As part of cleaning out my refrigerator and pantry in preparation to move, I knew I needed to find a couple recipes to use up my healthy supply of over-ripe bananas living in my freezer.
We almost always have bananas in the house. They seem to make a great topping for cereal in the morning, and some days there is nothing better than a peanut butter-banana-honey sandwich at lunch. The problem lies in the fact that I like my bananas green. If I can get the peel off, that’s perfect. As soon as I see ANY brown spots on it, they are too ripe and get set aside for other uses. Thus, this banana bread.
I found this recipe here on the Cooking Light website looking for a “healthier” adaptation of banana bread. With minimal oil (and canola oil at that) and fiber from the oats, this recipe seems like it offers some nutrition beyond just fat and sugar. That said, I did throw in a half bag of cinnamon chips that I had in the pantry to use them up as well 🙂
The verdict on the recipe – quite good. My husband really enjoyed it. I seem to like almost all of them, so I may not be the best judge 🙂 I found that I didn’t need the full 70 minutes of bake time. I checked it somewhere around 62 minutes, and the crust was already quite brown. Next time, I would check it a little earlier. Other changes I made was to add a teaspoon of vanilla and swap canola oil for vegetable oil based on what I had in the pantry.

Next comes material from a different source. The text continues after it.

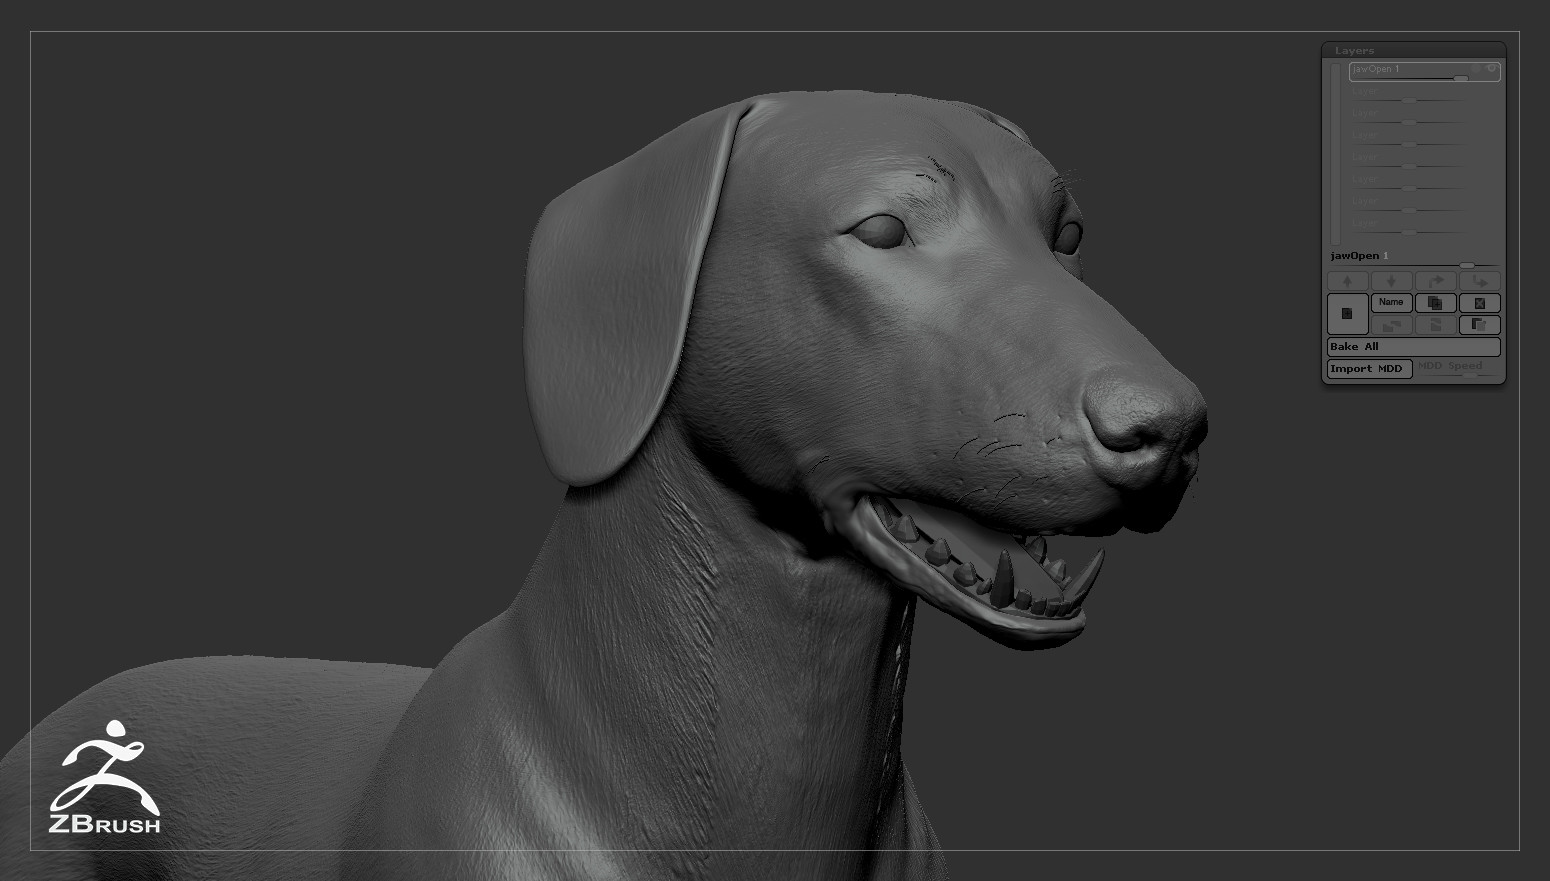 Alex lashko dachshund by alexlashko zbrush 07

If you’ve got that freezer full of ripe bananas like I did, try it out. It’s a great way to use up produce that has gone a little south and makes a great snack!
Adapted from Cooking Light
1 c. packed brown sugar
7 Tbsp. canola oil
2 large egg whites
1 large egg
1-1/3 c. mashed ripe bananas (about 2 large, defrosted if frozen)
1 c. regular oats
1/2 c. fat-free milk
1 tsp. vanilla
2 c. all-purpose flour
1 Tbsp. baking powder
1/2 tsp. baking soda
1/2 tsp. salt
1/2 tsp. cinnamon
Preheat oven to 350 degrees.
Combine first 4 ingredients in a large bowl, beat well at medium speed of a mixer. Combine banana, oats, and milk; add to the sugar mixture, beating well. Add vanilla and mix well. Lightly spoon flour into dry measuring cups and level with a knife. Combine flour, baking powder, baking soda, salt, and cinnamon; stir with a whisk. Add to sugar mixture and beat until just moist.
Coat a 9×5-inch loaf pan with cooking spray. Spoon in batter and bake at 350 degrees for 60-70 minutes or until a toothpick inserted into the center of the loaf comes out clean. Cool ten minutes in pan on a wire rack. Remove from the pan and cool completely before storing.